Exercise brief -
Pictures aside, write out the data exactly as it reads.

Source data -
Content starts

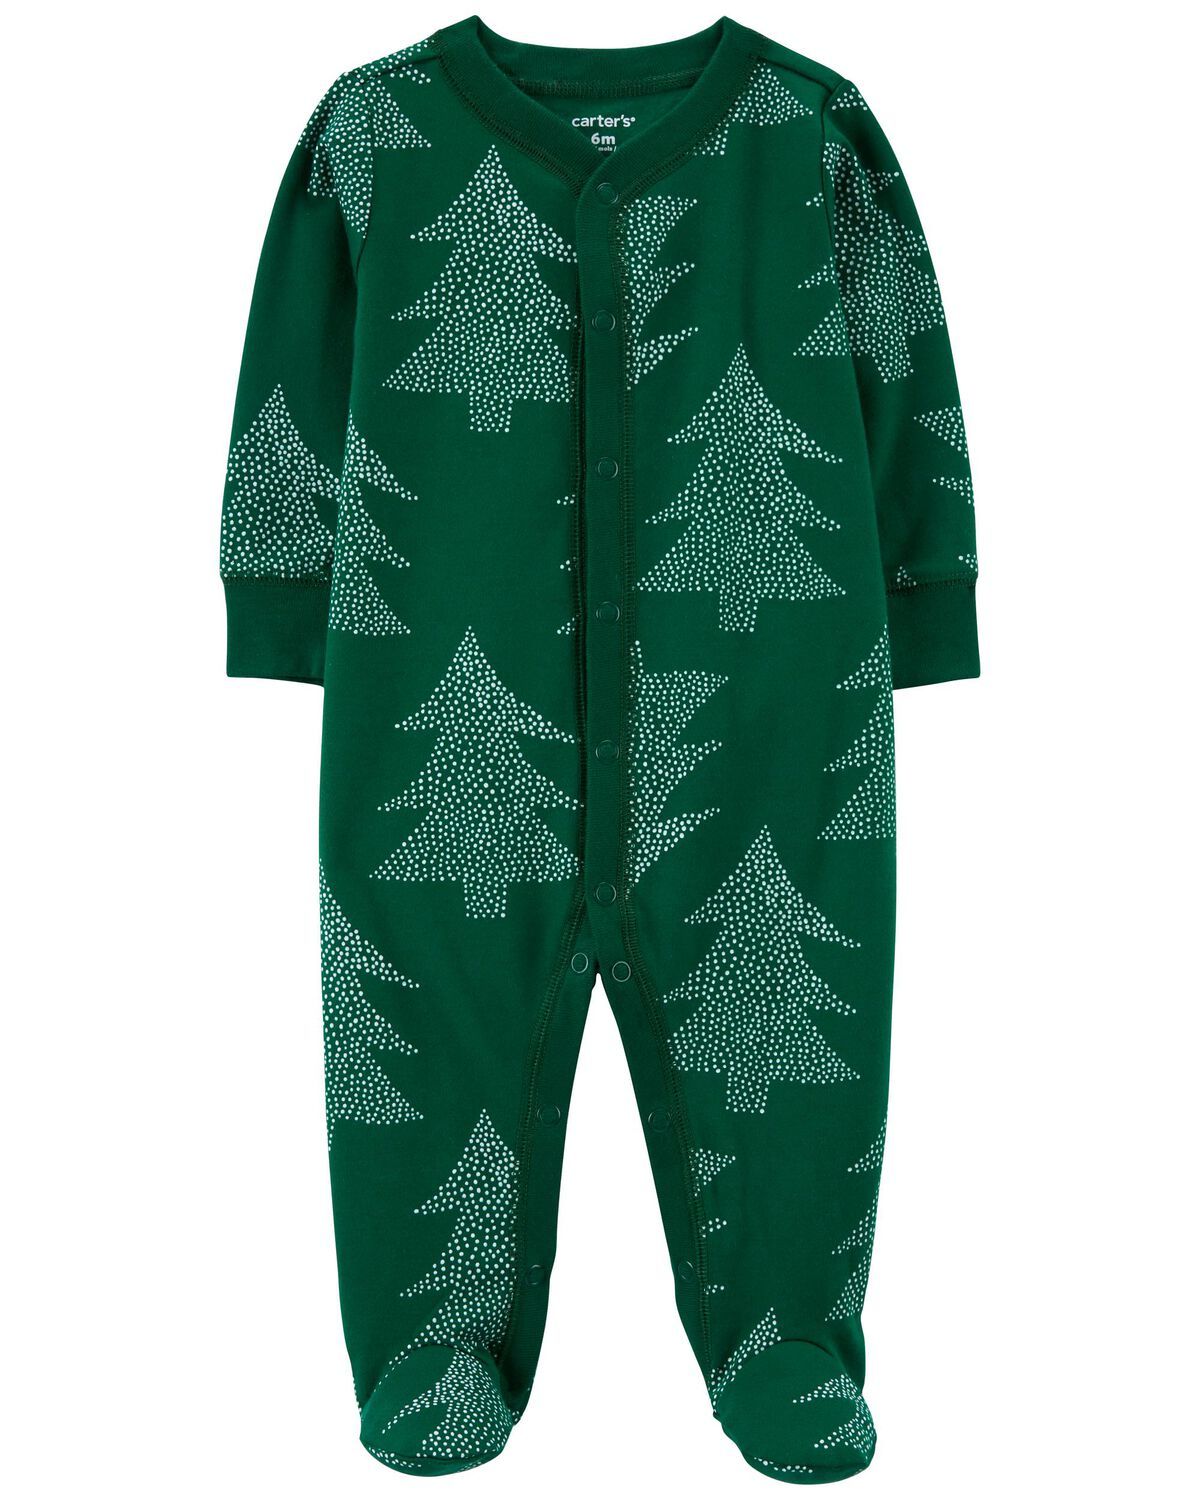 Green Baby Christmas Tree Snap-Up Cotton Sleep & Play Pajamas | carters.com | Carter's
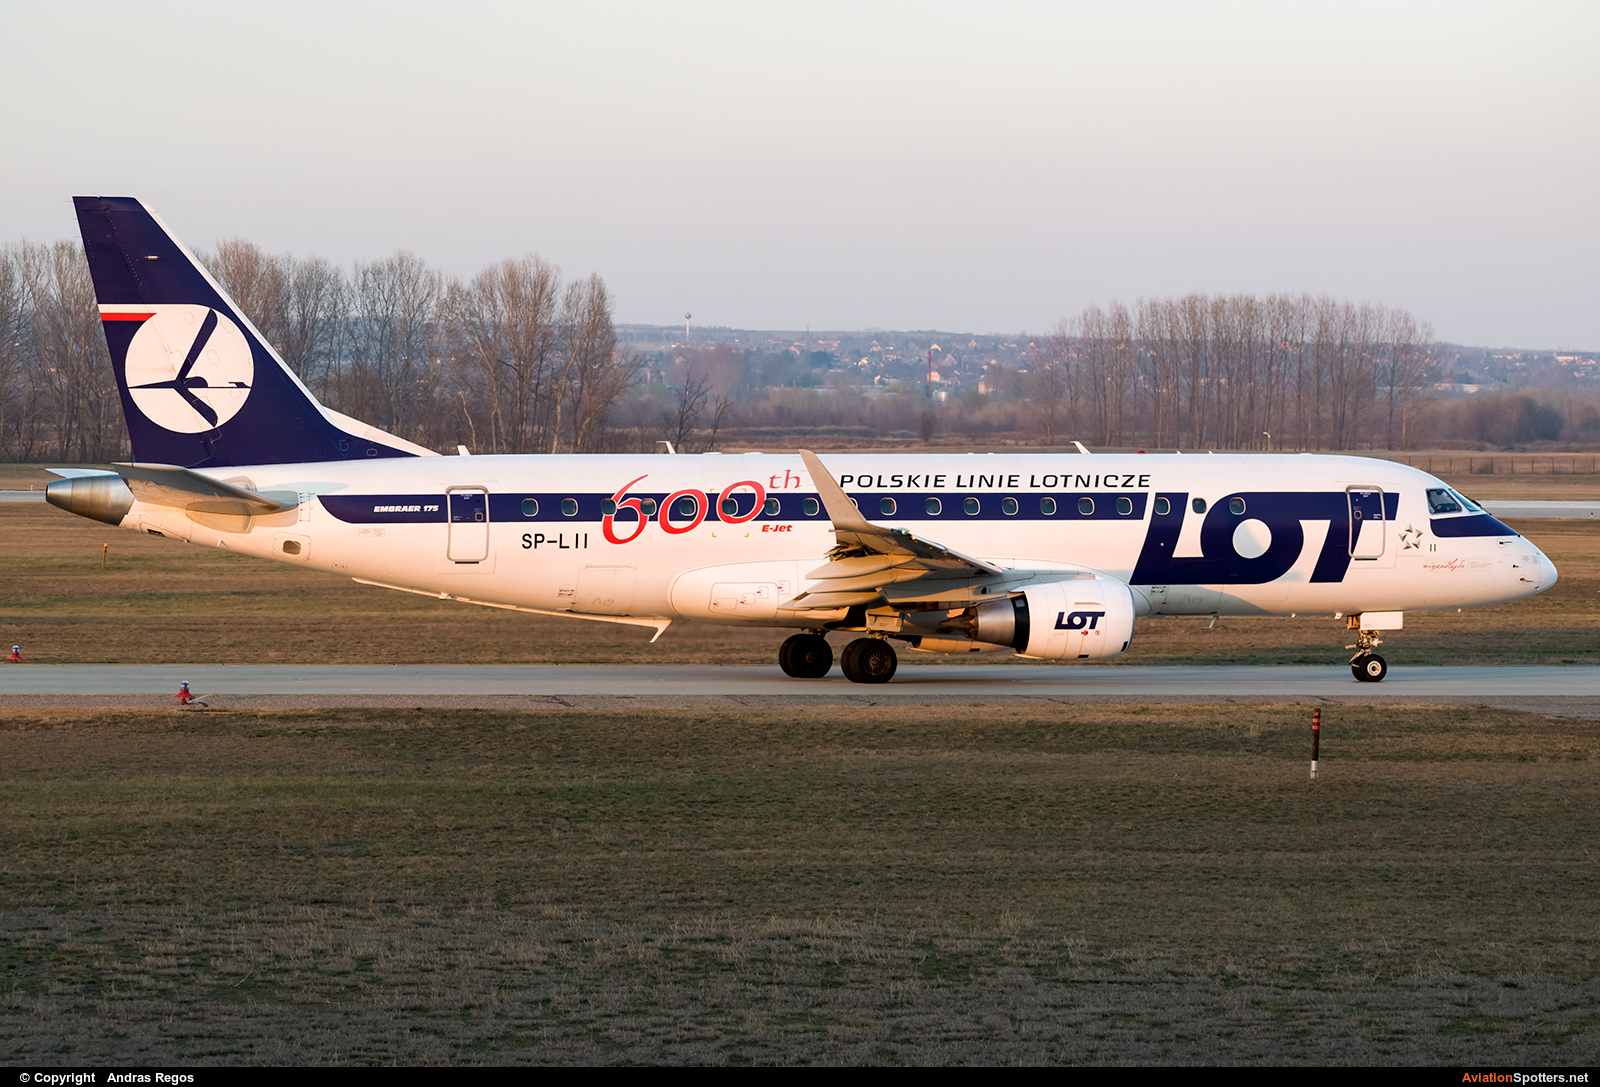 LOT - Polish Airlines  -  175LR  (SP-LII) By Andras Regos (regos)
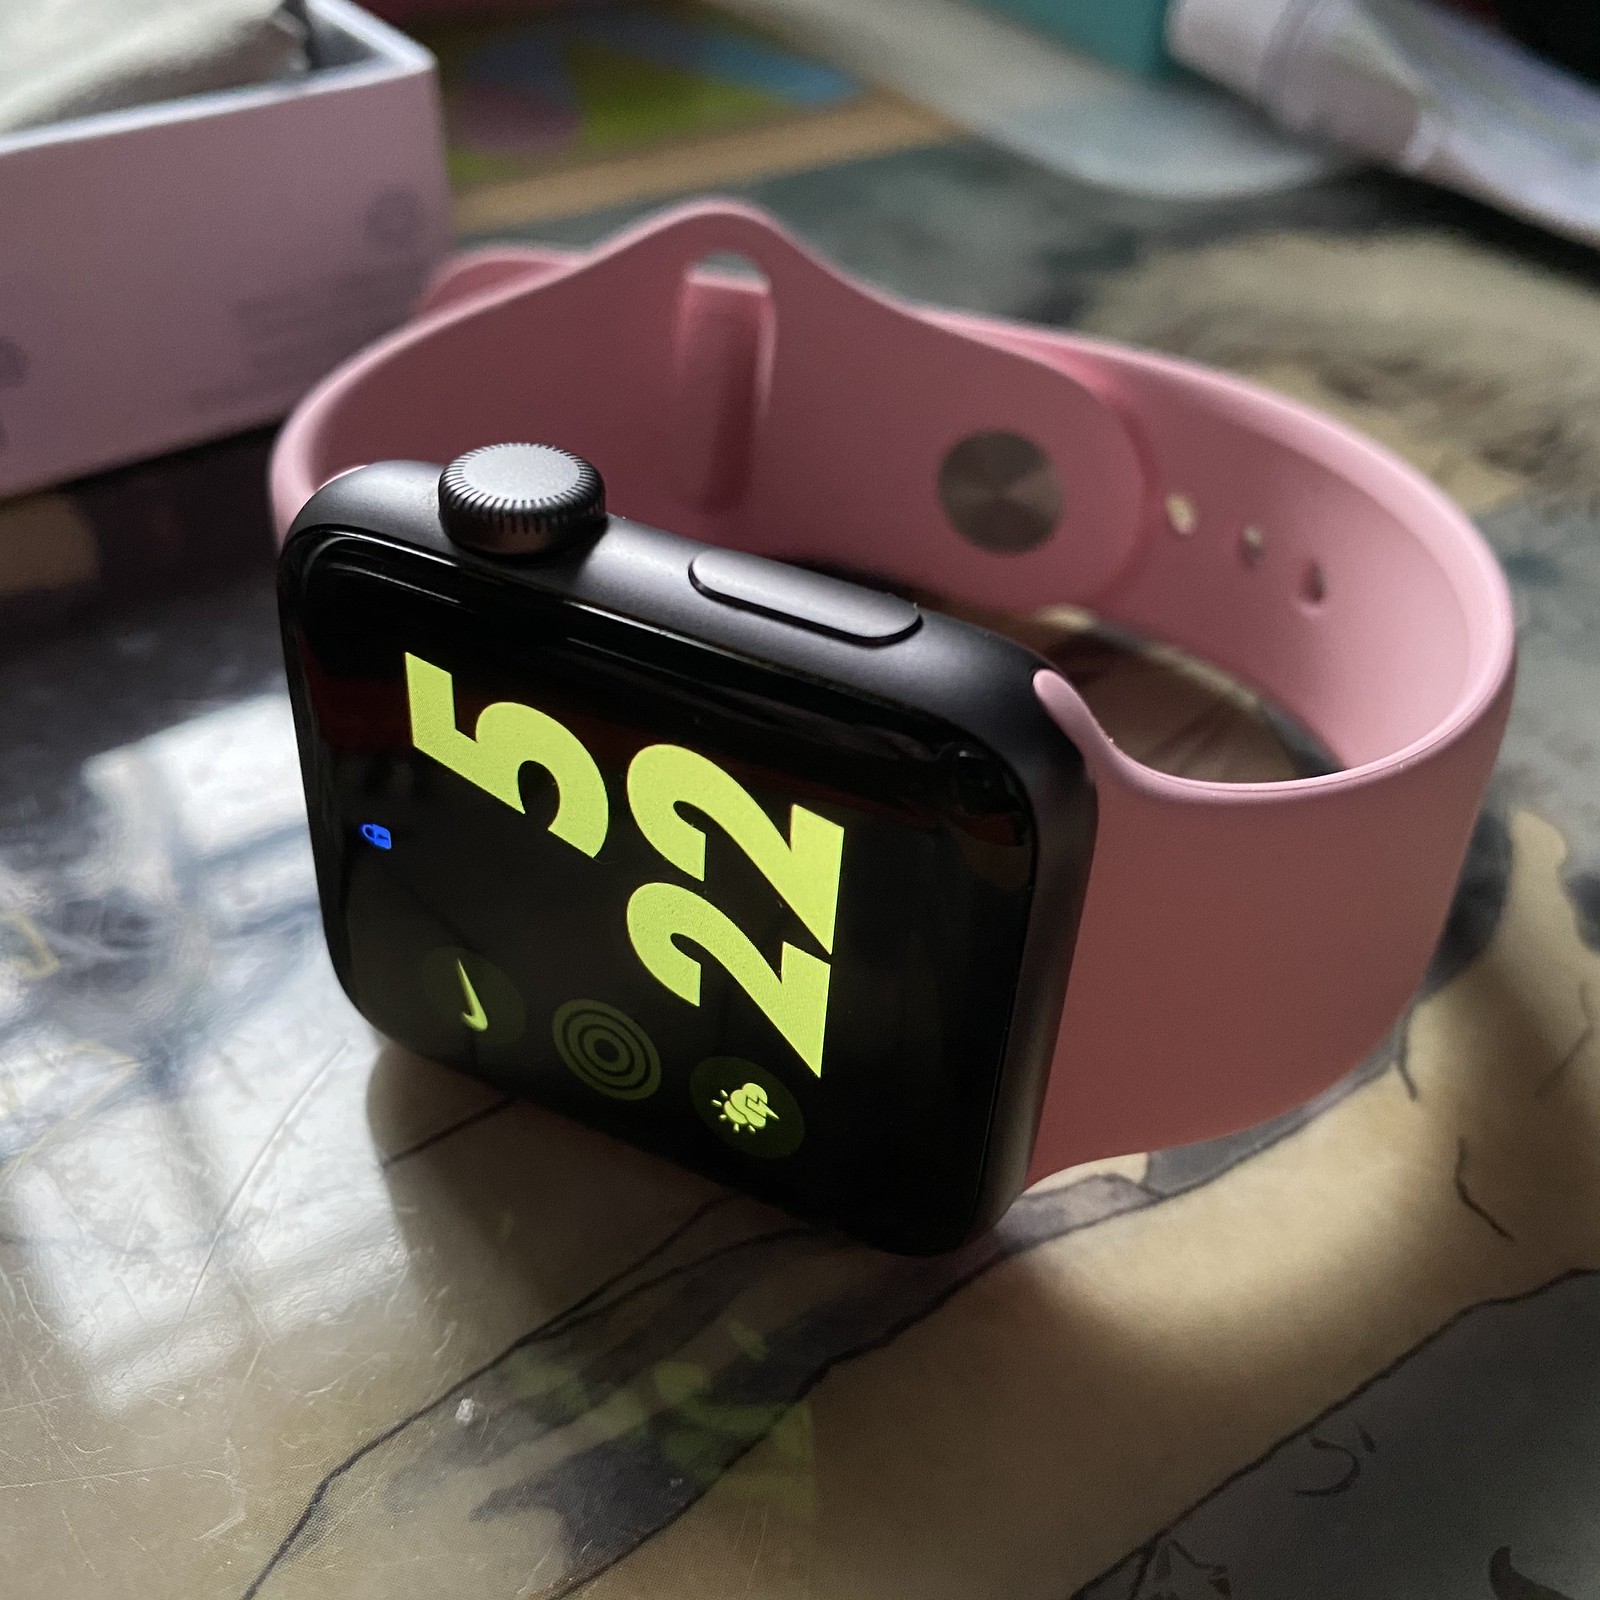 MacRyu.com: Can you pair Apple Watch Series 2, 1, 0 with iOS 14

Content ends

Answer for the task -
 Green Baby Christmas Tree Snap-Up Cotton Sleep & Play Pajamas | carters.com | Carter's
 LOT - Polish Airlines  -  175LR  (SP-LII) By Andras Regos (regos)
 MacRyu.com: Can you pair Apple Watch Series 2, 1, 0 with iOS 14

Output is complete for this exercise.